Ulteriore semplificazione è la possibilità di prevedere statutariamente che la decisione in ordine alla scissione sia adottata dall’organo amministrativo anziché dall’assemblea dei soci, con atto pubblico e nel rispetto dell’art. 2436 c.c., come confermato dalla prassi notarile (Massima n. 60 del Consiglio Notarile dei Distretti Riuniti di Firenze, Pistoia e Prato).
Gli effetti della scissione semplificata
Gli effetti della scissione semplificata, pur caratterizzandosi per una procedura agevolata, non differiscono sostanzialmente da quelli della scissione ordinaria. Permane, infatti, il principio cardine della successione universale o particolare delle società beneficiarie nei rapporti giuridici della società scissa.
Come stabilito dall’art. 2506-quater c.c., la scissione produce effetti dall’ultima delle iscrizioni dell’atto di scissione nell’ufficio del registro delle imprese in cui sono iscritte le società partecipanti all’operazione. Tuttavia, come evidenziato dalla dottrina, è possibile prevedere che gli effetti contabili e fiscali decorrano da una data anteriore.
Per quanto riguarda i rapporti giuridici, la Corte di Cassazione (sentenza n. 17020/2018) ha affermato il principio secondo cui “le società beneficiarie succedono nelle posizioni giuridiche attive e passive della scissa secondo quanto previsto nel progetto di scissione, con responsabilità solidale, nei limiti del valore effettivo del patrimonio netto attribuito, per i debiti della scissa non soddisfatti dalla società cui fanno carico“.
Particolarmente rilevante è la questione della responsabilità solidale delle società partecipanti per i debiti della scissa. Il Tribunale di Bologna con sentenza del 7 marzo 2017 ha precisato che “tale responsabilità opera come garanzia per i creditori e non modifica l’imputazione del debito secondo quanto previsto dal progetto di scissione”.

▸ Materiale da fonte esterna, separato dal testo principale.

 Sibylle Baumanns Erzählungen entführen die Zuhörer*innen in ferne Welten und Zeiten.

Sul piano fiscale, l’operazione è regolata dal principio di neutralità fiscale ex art. 173 TUIR, con la conseguenza che la scissione non costituisce realizzo né distribuzione di plusvalenze o minusvalenze, come confermato dalla prassi dell’Agenzia delle Entrate (Circolare n. 98/E del 17 maggio 2000).

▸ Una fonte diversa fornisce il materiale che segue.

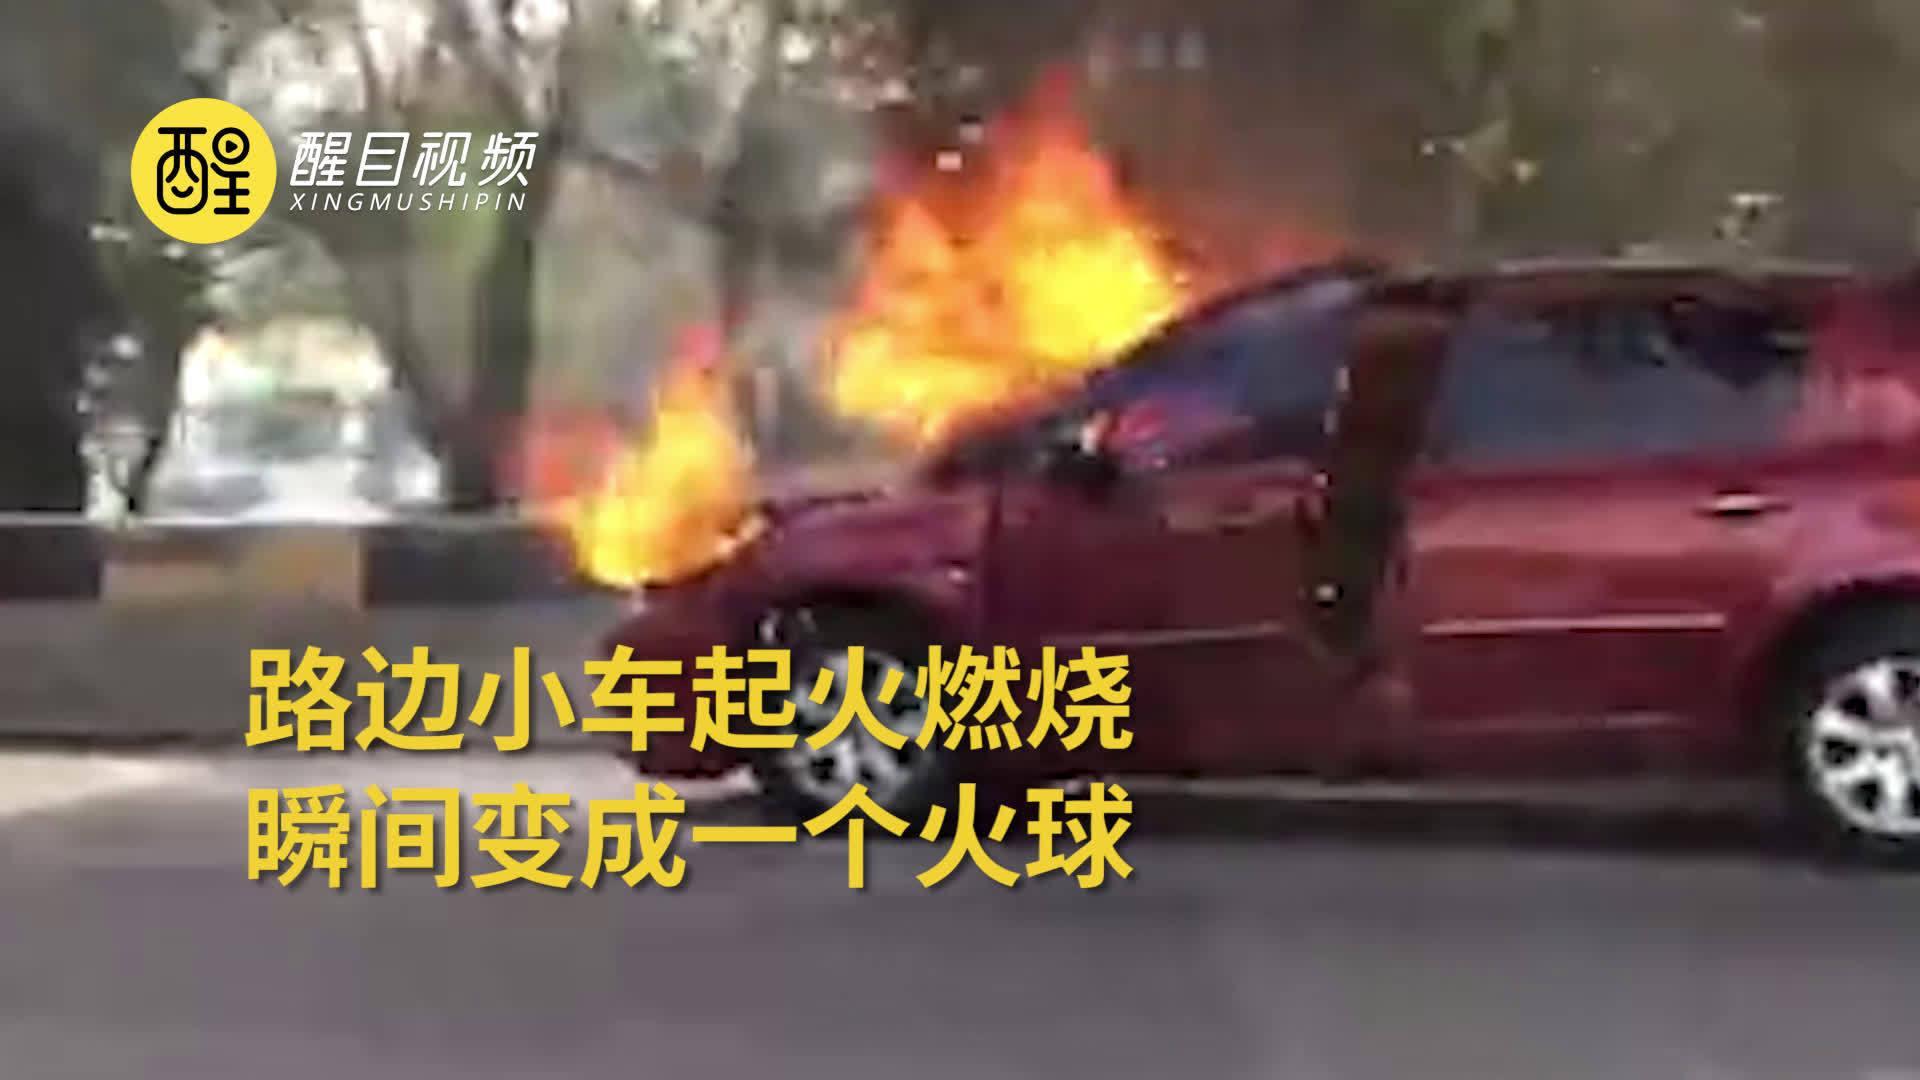 小车燃烧变火球 最后被烧只剩铁架

Le garanzie per i creditori sociali
Nonostante la semplificazione procedurale, la scissione semplificata mantiene intatti i presidi posti a tutela dei creditori sociali, considerato che l’operazione può comportare una ripartizione del patrimonio della società scissa e, conseguentemente, una potenziale riduzione della garanzia patrimoniale.
In tal senso, il principale strumento di tutela è rappresentato dal diritto di opposizione previsto dall’art. 2506-ter, quinto comma, c.c., che richiama l’art. 2503 c.c. I creditori della società scissa e delle società beneficiarie possono opporsi alla scissione entro sessanta giorni dall’ultima delle iscrizioni previste dall’art. 2502-bis c.c. Come chiarito dalla Corte di Cassazione (sentenza n. 21846/2013), “l’opposizione dei creditori sospende l’efficacia della scissione, salvo che il tribunale disponga l’esecuzione previa prestazione di idonea garanzia”. La dottrina prevalente sottolinea poi come la scissione semplificata non riduce la portata del diritto di opposizione, che rimane lo strumento principale di tutela preventiva per i creditori.
Oltre al diritto di opposizione, l’art. 2506-quater, terzo comma, c.c. prevede la responsabilità solidale delle società partecipanti alla scissione per i debiti della scissa non soddisfatti dalla società cui sono stati assegnati. Il Tribunale di Roma, con sentenza del 12 settembre 2018, ha precisato che “tale responsabilità è limitata al valore effettivo del patrimonio netto attribuito a ciascuna società beneficiaria e opera a prescindere dalle pattuizioni contenute nel progetto di scissione”.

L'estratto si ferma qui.